• DATA PROVIDED:
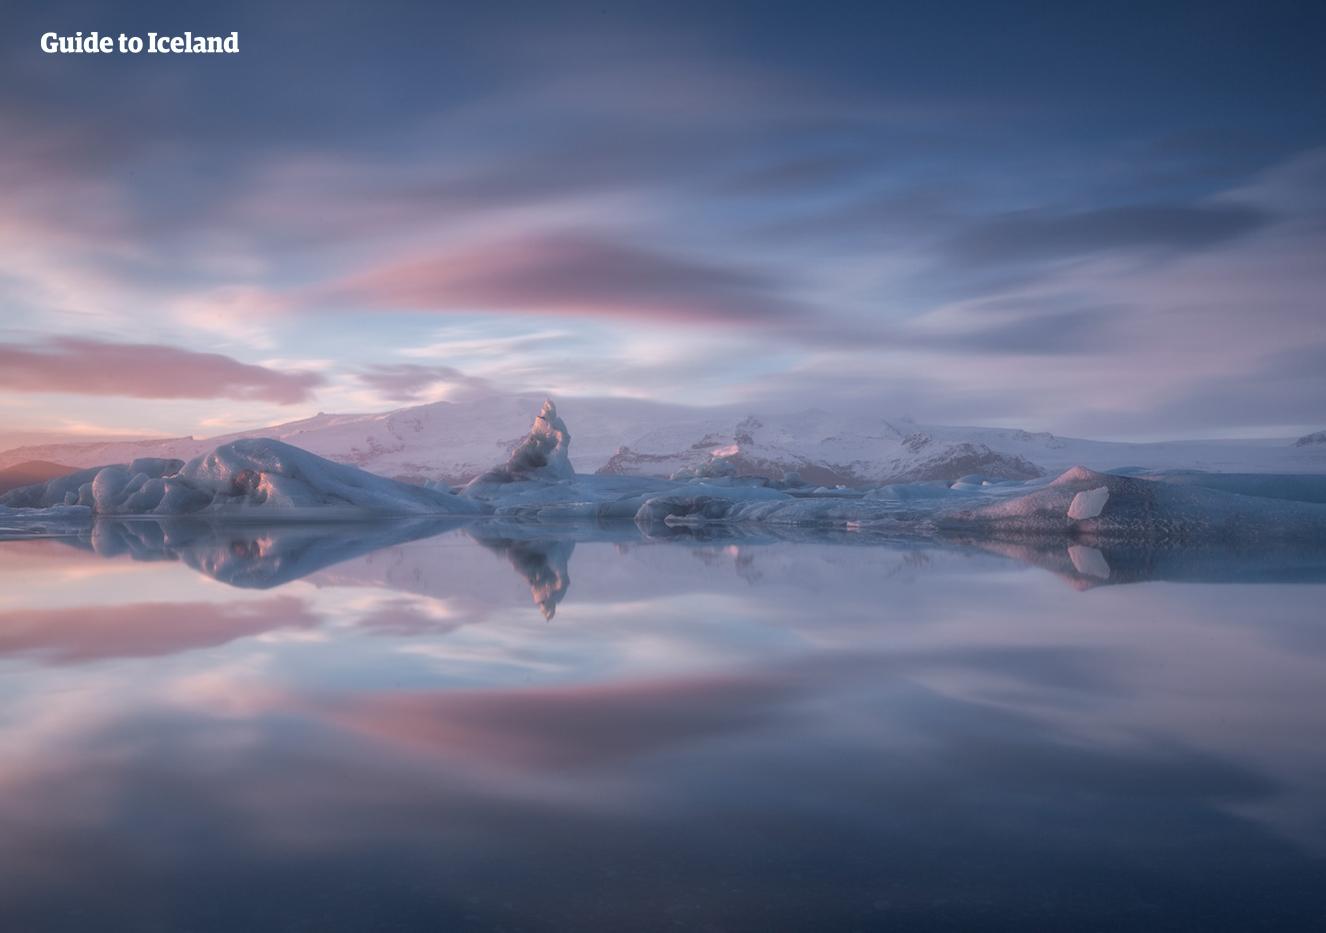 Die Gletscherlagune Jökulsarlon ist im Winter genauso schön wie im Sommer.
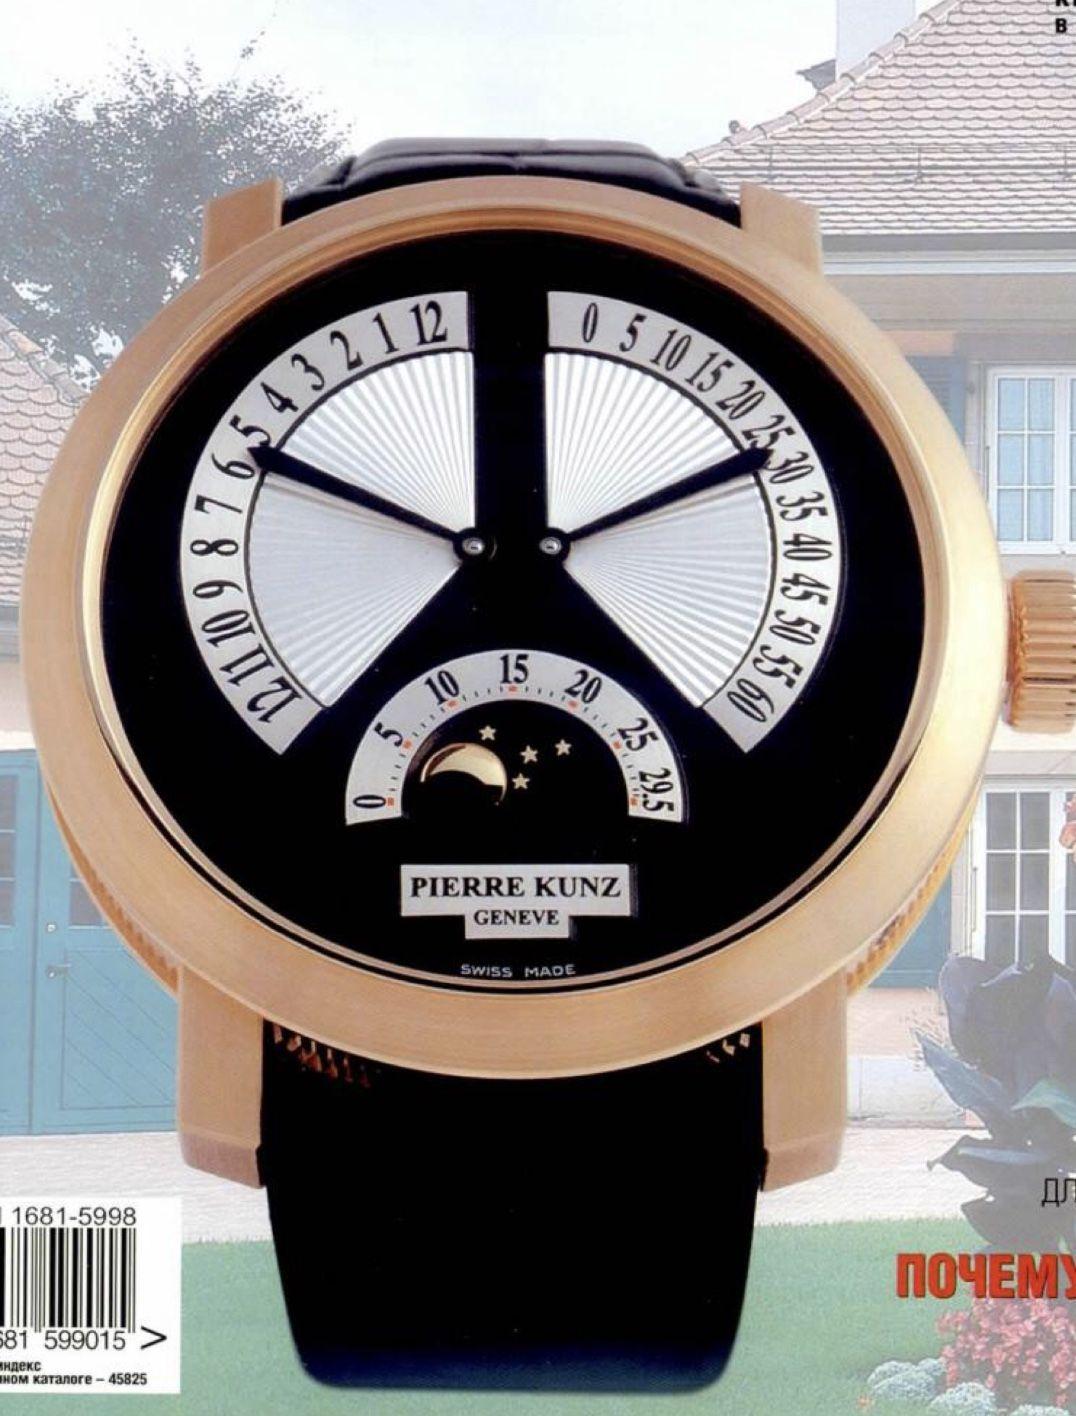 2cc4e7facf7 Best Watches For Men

---

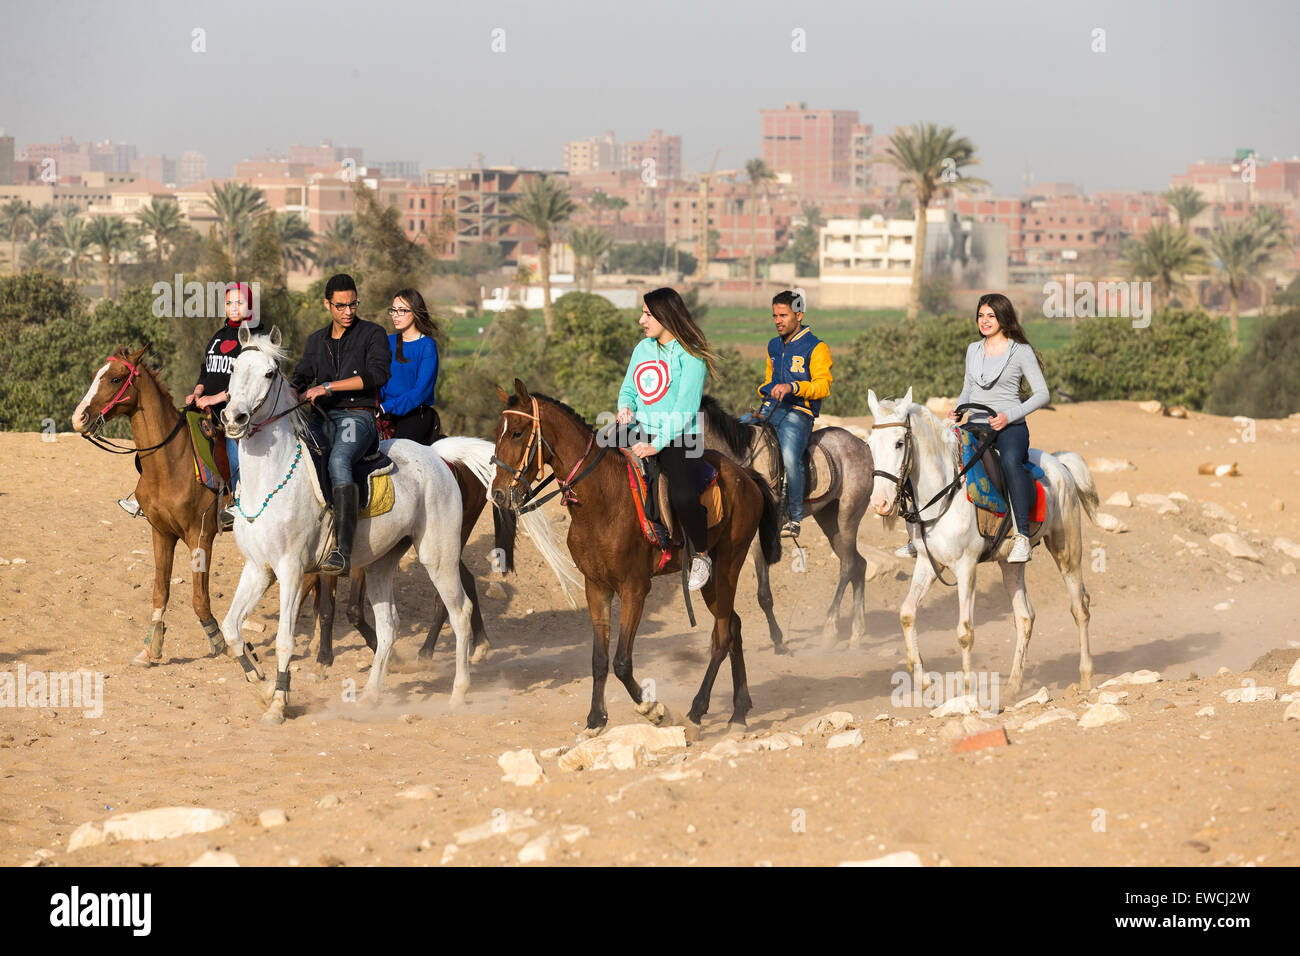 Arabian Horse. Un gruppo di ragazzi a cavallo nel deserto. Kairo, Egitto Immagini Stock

• PROMPT: Above this task is a listing with pictures in it. Retype only the lines from the one containing "Die Gletscherlagune Jökulsarlon" through the one containing "2cc4e7facf7 Best Watches For Men", both included, and not the pictures.

• FINISHED EXERCISE:
 Die Gletscherlagune Jökulsarlon ist im Winter genauso schön wie im Sommer.
 2cc4e7facf7 Best Watches For Men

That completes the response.